I write a lot of Rust code at work, and I admit that it can sometimes be
pretty noisy. There are several major contributors to this:

1\. Rust offers fine-grained control over pass-by-value, pass-by-reference,
and pass-by-mutable reference. This is great for performance. But it also adds
a lot of "&" and "&mut" and "x.to_owned()" clutter everywhere.

2\. Rust provides support for generics (aka parameterized types). Once again,
this is great for performance, and it also allows better compile-time error
detection. But again, you wind up adding a lot of "<T>" and "where T:" clutter
everywhere.

3\. Usually, Rust can automatically infer lifetimes.
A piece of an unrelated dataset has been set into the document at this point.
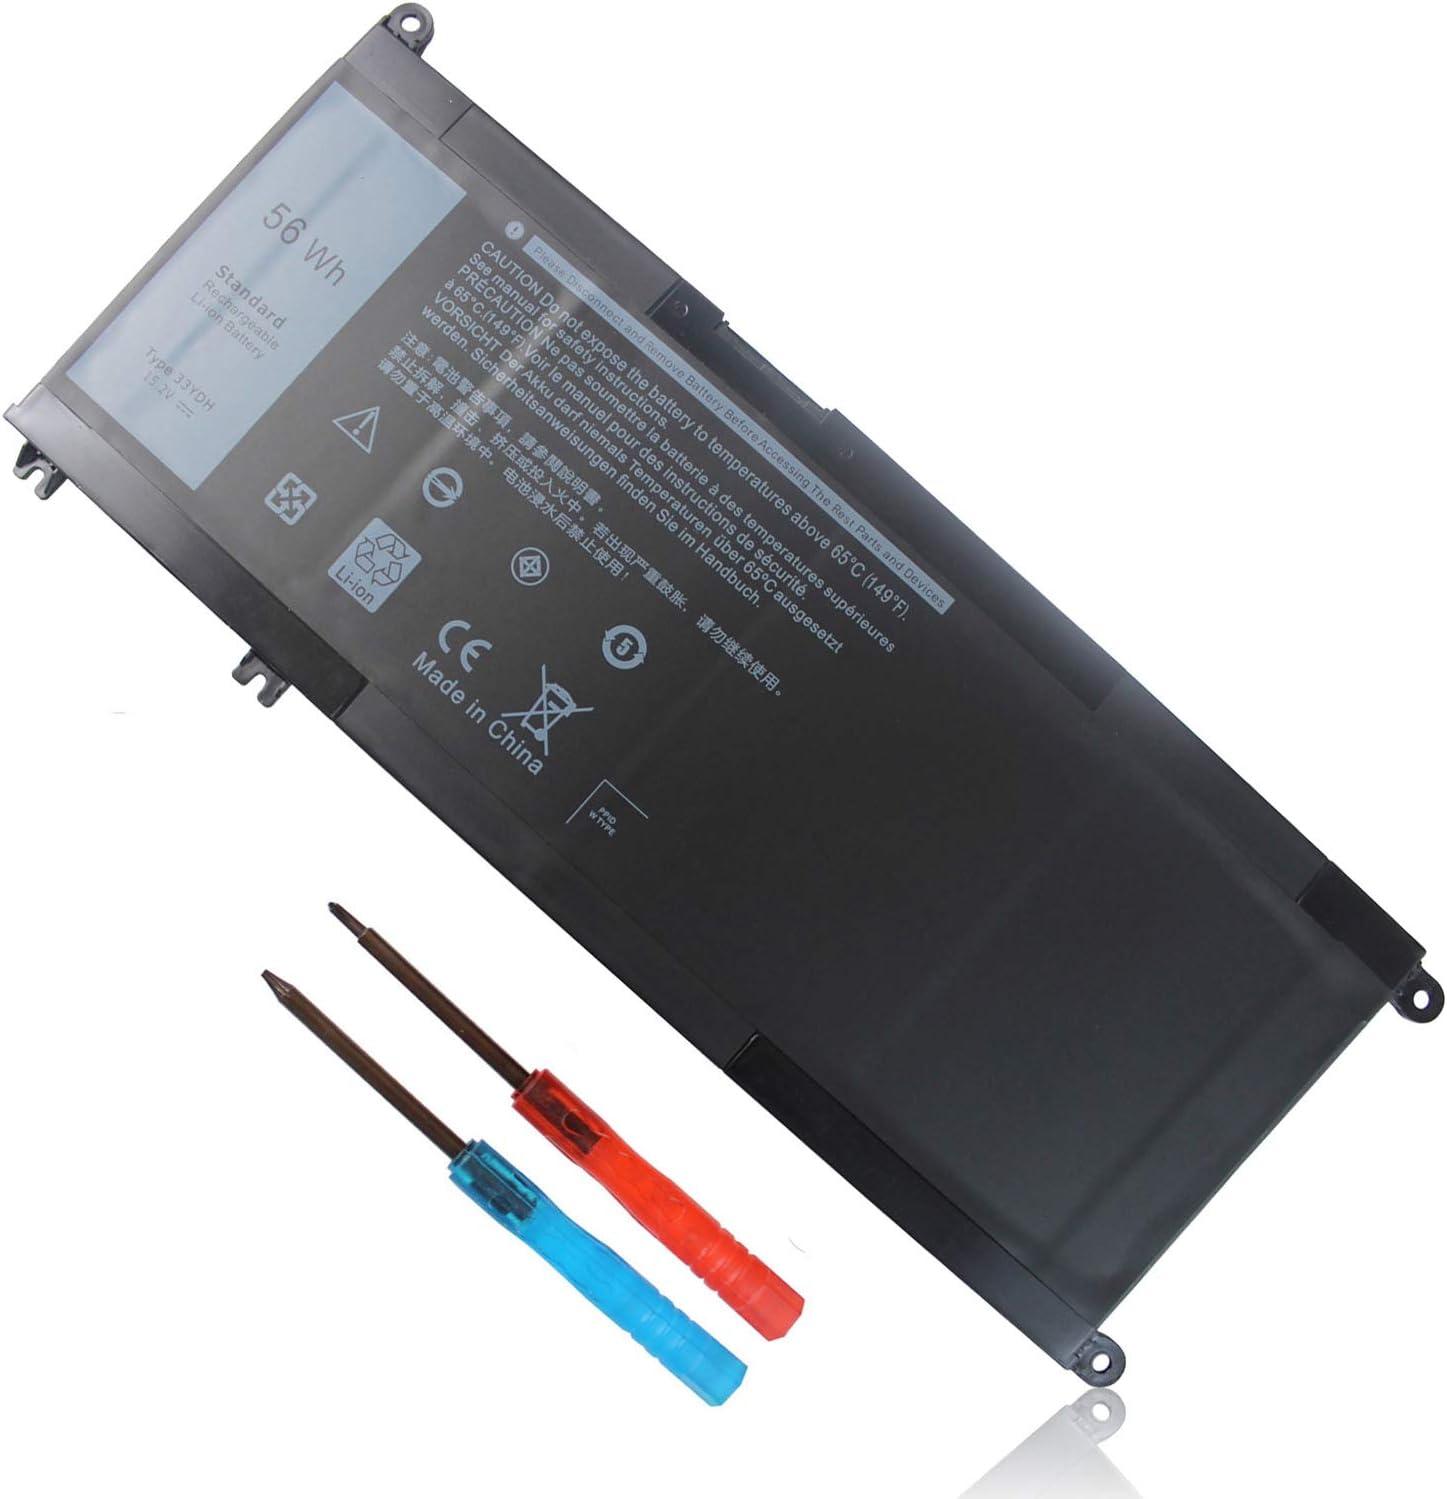 56Wh 33YDH 15.2V Battery for Dell Inspiron 17 7000 7773 7779 7778 7786 2-in-1 15 7577 Latitude 15 3590 3580 3490 3380 G5 15 5587 G3 3579 3779 G7 7588 Vostro 7580 7570 PVHT1 P30E P30E001 81PF3 081PF3

But every once in a
while, you want to do something messy, and you end up needing to write out the
lifetimes manually. This is when you end up seeing weird things like "'a". But
in my experience, this is pretty rare unless I'm doing something hairy. And if
I'm doing something hairy, I'm just as happy to have more explicit
documentation in the source code.

Really, the underlying problem here is that (a) Rust fills the same high-
control, high-performance niche as C++, but (b) Rust prefers explicit control
where C++ sometimes offers magic, invisible conversions. (Yes, I declare all
my C++ constructors "explicit" and avoid conversion operators.)

Syntax is a hard problem, and I've struggled to get syntax right for even tiny
languages. But syntax for languages with low-level control is an even harder
problem. At some point, you just need to make a decision and get used to it.

In practice, I really enjoy writing Rust. It's definitely not as simple as
Ruby, Python or Go. But it fills a very different ecological niche, with
finer-grained control over memory representations, and support for generics.